Travel Industry Association of America's
Economic Impact of Travel on Louisiana
Parishes
Domestic Traveler Expenditures
1995-2002
PREFACE
This information was collected from the
research department of the Travel Industry Association
of America (TIA) for the Louisiana Office of Tourism.
The tables and graphs provide domestic traveler expenditures
in Louisiana, as well as the employment, payroll income,
and state and local tax revenue directly generated by
these expenditures. The numbers are expressed in current
dollars and have not been adjusted for inflation.
Figures for years 1995 through 2001 are
actual numbers, but those for year 2002 are estimates
that will be replaced by actual figures at a later date.
Complete economic impact reports for the years covered
by the following data are available from Mark Northington,
Louisiana Department of Culture, Recreation & Tourism,
225-342-8144. The Economic Impact
reports since 1999 are available online.
GLOSSARY OF TERMS
Tourism — generally
avoided in this study, this can be used to refer to pleasure
or personal travel, a subset of travel
Travel — the act
of taking a “trip”
Traveler —
person taking the “trip”
Travel Expenditure —
the exchange of money or the promise of money for goods
or service while traveling, including any advance purchase
of public transportation tickets, lodging or other items
normally considered incidental to travel, but which may
be purchased in advance of the trip. In addition, certain
of the “fixed” or capitol costs of owning
a motor vehicle (including campers, motor homes, etc.)
or a vacation or second home are included as associated
with taking a trip.
Generally, expenditures are assumed to take place at the
point where the good or service is bought while traveling.
The two exceptions to this rule are that the fixed costs
of operating a motor vehicle while on a trip are allocated
to the traveler’s area of residence, and the “imputed
rent” of spending nights in the traveler’s
own vacation home is allocated to the area visited.
Travel-Generated Employment —
the number of jobs attributable to travel expenditures
in an area.
These estimates of employment follow the “establishment
payroll survey definition” rather than the “household
survey definition.” Consequently, the TEIM (Travel
Economic Impact Model) estimates are more closely related
to the number of jobs than to the number of employees.
For a detailed description of the household and establishment
survey differences see Green, Gloria P., “Comparing
Employment Estimates from Household and Payroll Surveys,”
Monthly Labor Review, Volume 92, No. 12, December, 1969.
Travel-Generated Payroll —
the payroll, or wage and salary income, attributable
to travel expenditures in an area. Payroll includes all
forms of compensation, such as salaries, wages, commissions,
bonuses, vacations allowances, sick leave pay, and the
value of payments in kind (such as free meals and lodgings)
paid during the year to all employees. Trips and gratuities
received by employees from patrons and reported to employers
are included.
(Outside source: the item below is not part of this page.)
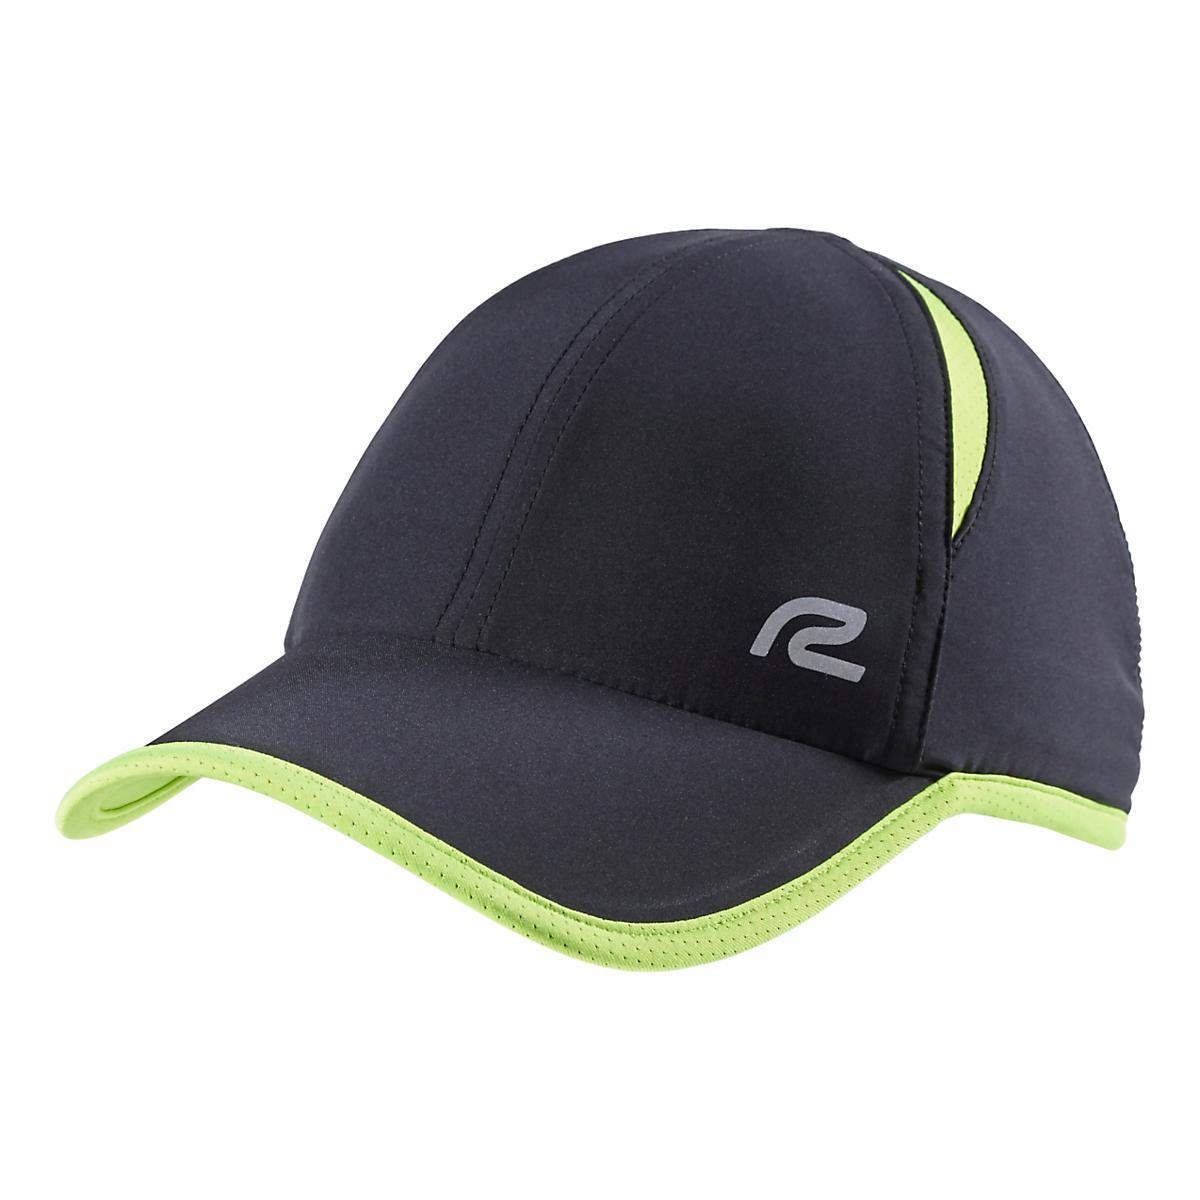 e33d4140e2d Road Runner Sports Put A Lid On It Cap Headwear at Road Runner Sports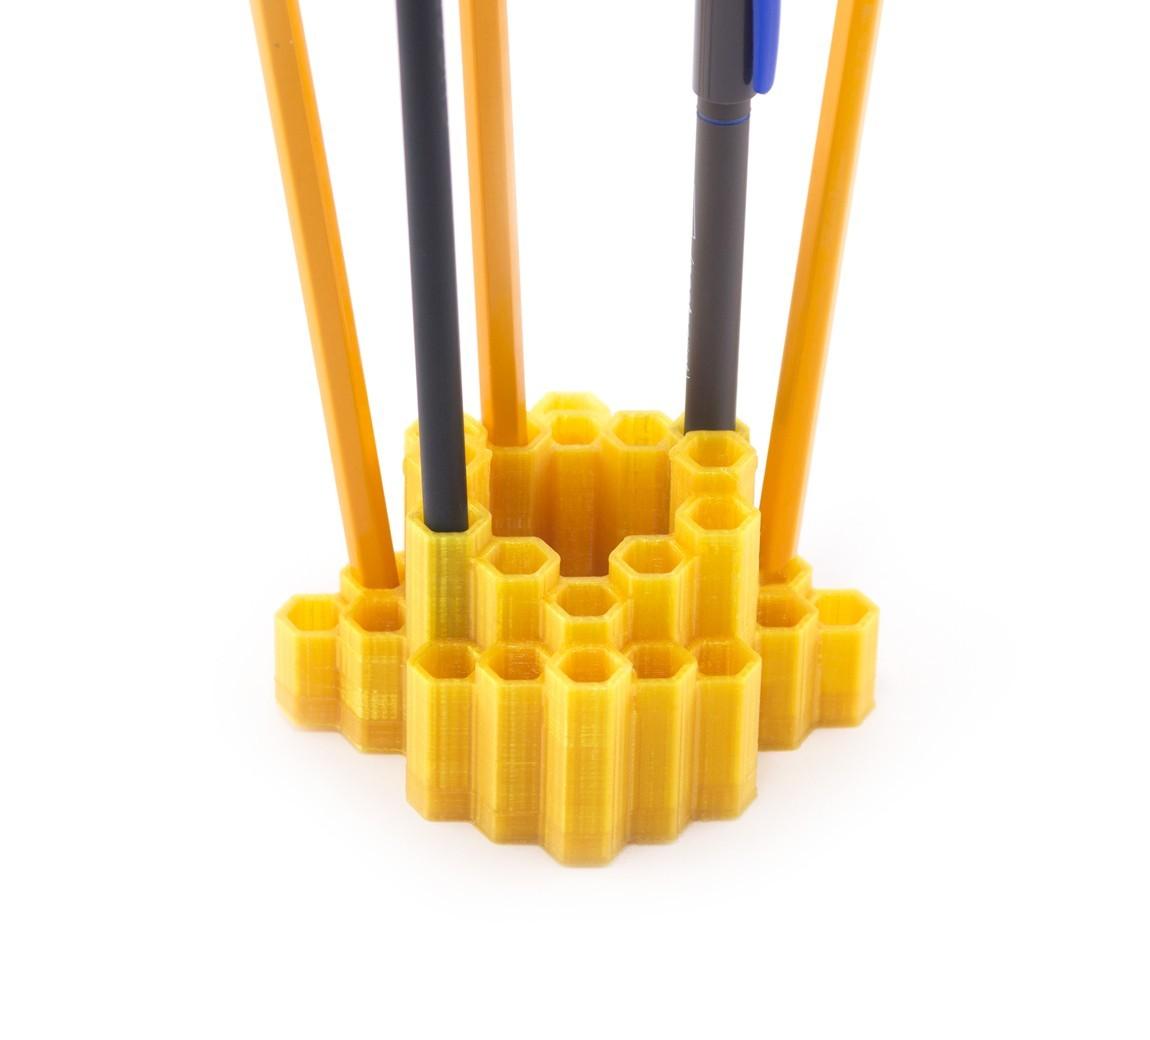 210367df949ca690fe7a9479b1862815_1452537385493_01.07.15-product-shoot-064.jpg Download free STL file Honeycomb Cup • 3D print model, Terryyy

For corporations, it includes amounts paid
to officers and executives; for unincorporated businesses,
it does not include profit or other compensation of proprietors
or partners. Payroll is reported before deductions for
social security, income tax, insurance, union dues, etc.
Travel-Generated Tax Receipts —
federal, state, and local tax revenues attribute
to travel in an area. For a given state locality, all
or some of the taxes may apply. “Local” includes
parish, city, or municipality, and township units of government
actually collecting the receipts, and not the level that
may end up receiving it through intergovernmental transfers.
State Tax Receipts —
include corporate income taxes, individual income taxes,
employment taxes, sales and gross receipt taxes, and excise
taxes.
Local Tax Receipts —
include parish and city receipts from individual and corporate
income taxes, sales, excise and gross receipts taxes,
and property taxes.
Trips — occurs,
for the purpose of the model, every time one or more persons
goes to a place 50 miles or more, each way, from home
in one day , or is out of town one or more nights in paid
accommodations, and returns to his/her origin. Specifically
excluded from this definition are: (1) travel as part
of an operating crew on a train, plane, bus, truck, or
ship; (2) commuting to a place of work; (3) student trips
to school or those taken while in school.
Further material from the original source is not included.